RESORCE, which studied regorafenib, required patients to tolerate sorafenib for at least 20 days out of a 28-day cycle. Therefore, you have this area of uncertainty if you follow atezolizumab/bevacizumab with regorafenib in this instance, [because] this was based on tolerability to sorafenib.
That really leaves CELESTIAL, which was a more permissive trial in allowing first-, second-, and third-line treated patients with HCC. It was one of the few studies that allowed a small population of patients previously treated with immunotherapy to be enrolled. Based on that context, it makes sense that cabozantinib remains a favored approach, even if it just has a slight edge.
Many will argue that sorafenib or lenvatinib still represent first-line options [for certain] populations. If you do end up using atezolizumab/bevacizumab [in the first line], sorafenib or lenvatinib may be considered as a second-line option, with an edge toward lenvatinib based on the superior PFS benefit [observed with the agent] vs sorafenib.

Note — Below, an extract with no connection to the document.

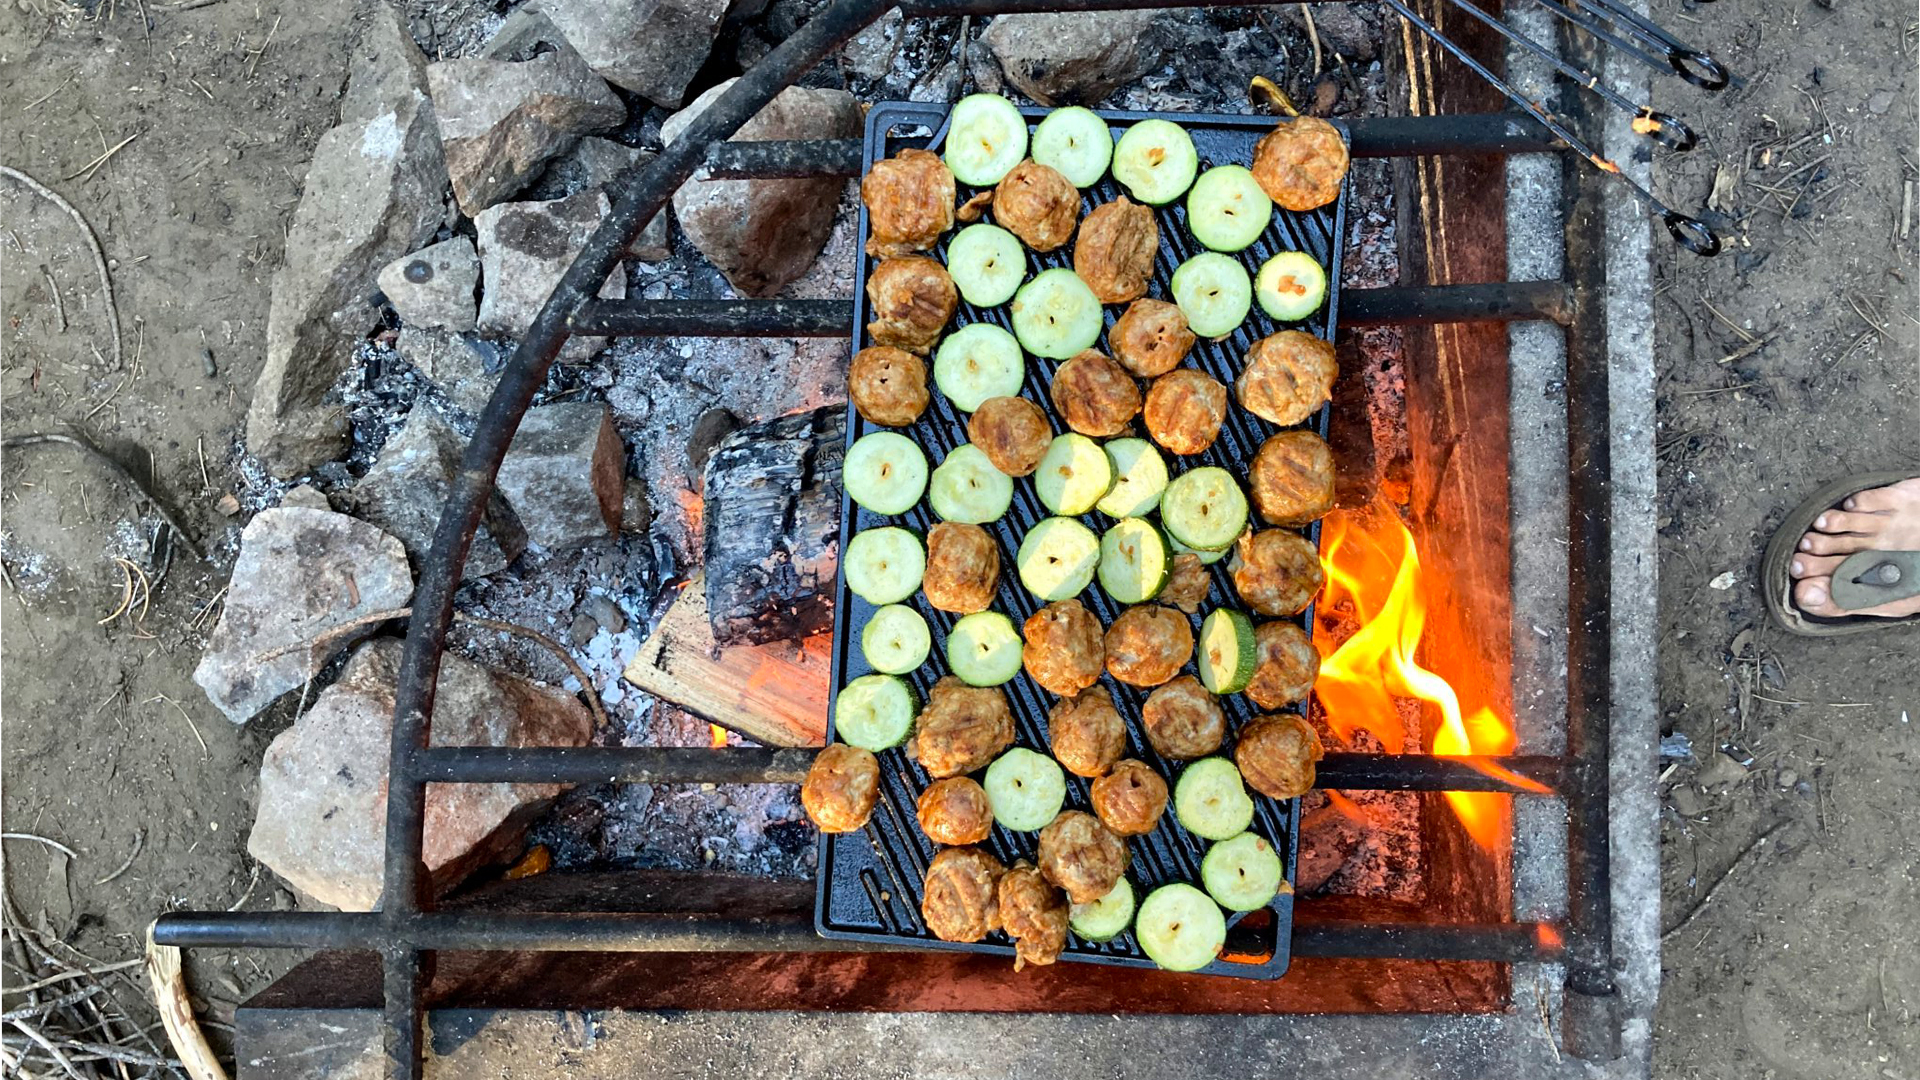 Vegetables cooking on a grill over a fire.

With the advent of VEGF TKI/immunotherapy combinations, patients with advanced HCC are experiencing improved outcomes. Beyond those combinations, another arena that we look forward to is [the work that is being done with] CAR T-cell therapies. Although still early in development, phase 1 trials have shown some promising safety and efficacy data [with this modality], which is targeting tumor phenotypes specific to HCC while recruiting T cells. This could represent another novel immunotherapy approach to treating [patients with] advanced HCC.